As far as Axford goes, extending any relief pitcher is a big risk for a small-market club. When you’re talking about a pre-arby closer who will be 29 in 2012, it borders on insane. There’s just no reason to even entertain the idea of extending Axford right now, unless the club is sure it’s going to save a boatload of money by buying out an arby year or two. We saw last season the impact a very good bullpen can have, but part of the reason the Brewers were able to put together such a group was the fact that Axford was making peanuts. Axford’s been very good the past two years, but you don’t want to pay for past performance when it comes to relief pitchers.

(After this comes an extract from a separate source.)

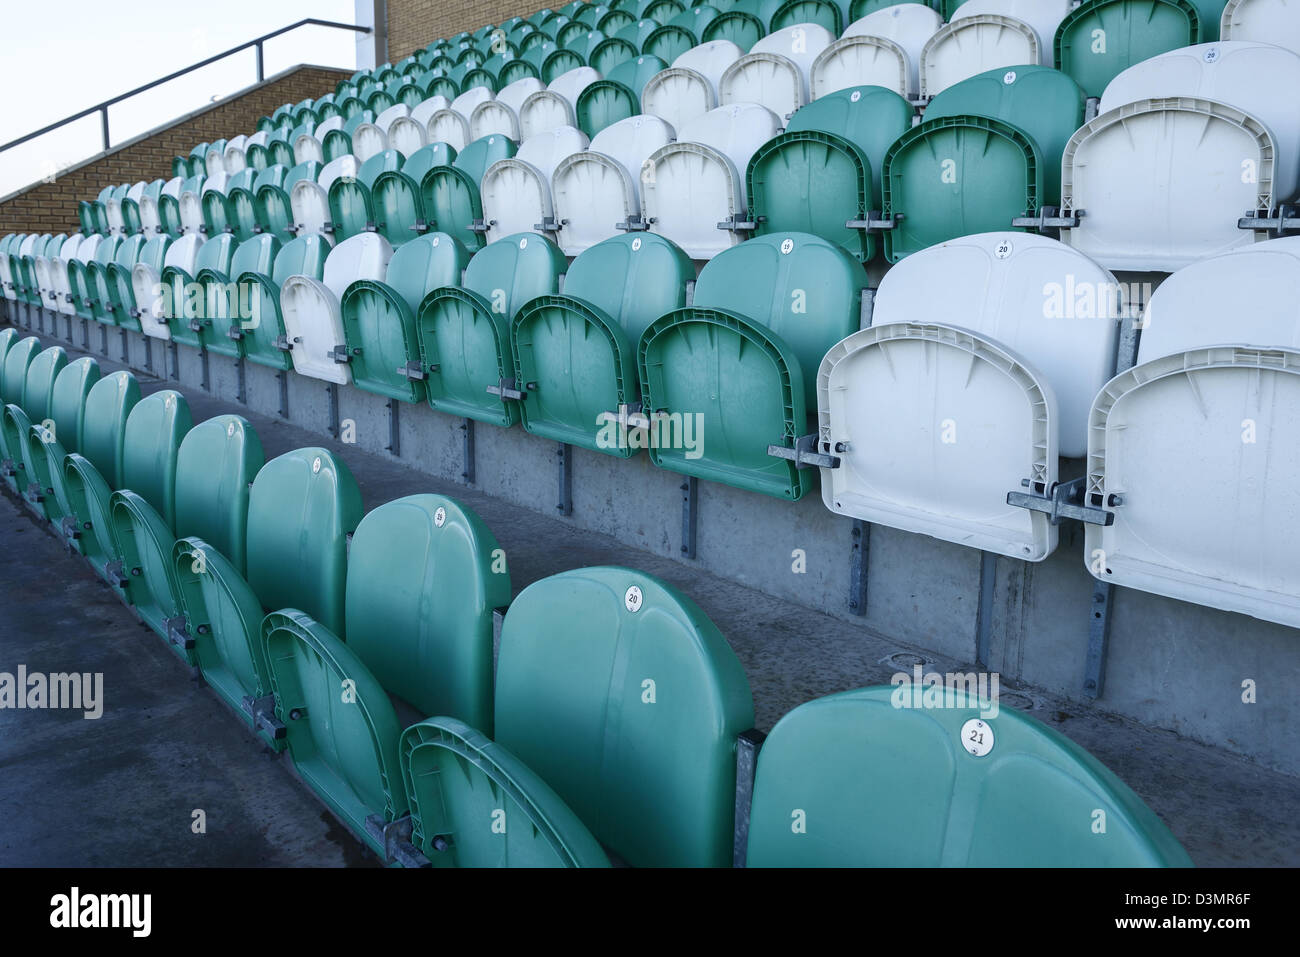 White and green plastic stadium seating Stock Photo

If Jonathan Papelbon’s contract can teach us anything, it’s that closers are vastly overrated on the open market. If the Brewers weren’t trying to replace half their bullpen this offseason, this would actually likely be the very best time to sell high on Axford. With K-Rod gone and Takashi Saito and LaTroy Hawkins possibly leaving, too, it would be hard to justify. It’d be a great way to capitalize on the value, though, now that Axford is in “Proven Closer” territory.
Mark Attanasio said recently that the Brewers aren’t going to spend money just to “fill payroll,” and that they were going to pick their spots. Spending money on Greinke? Excellent idea. Rolling the dice on Marcum and/or Axford? That’s how a small-market team gets burned.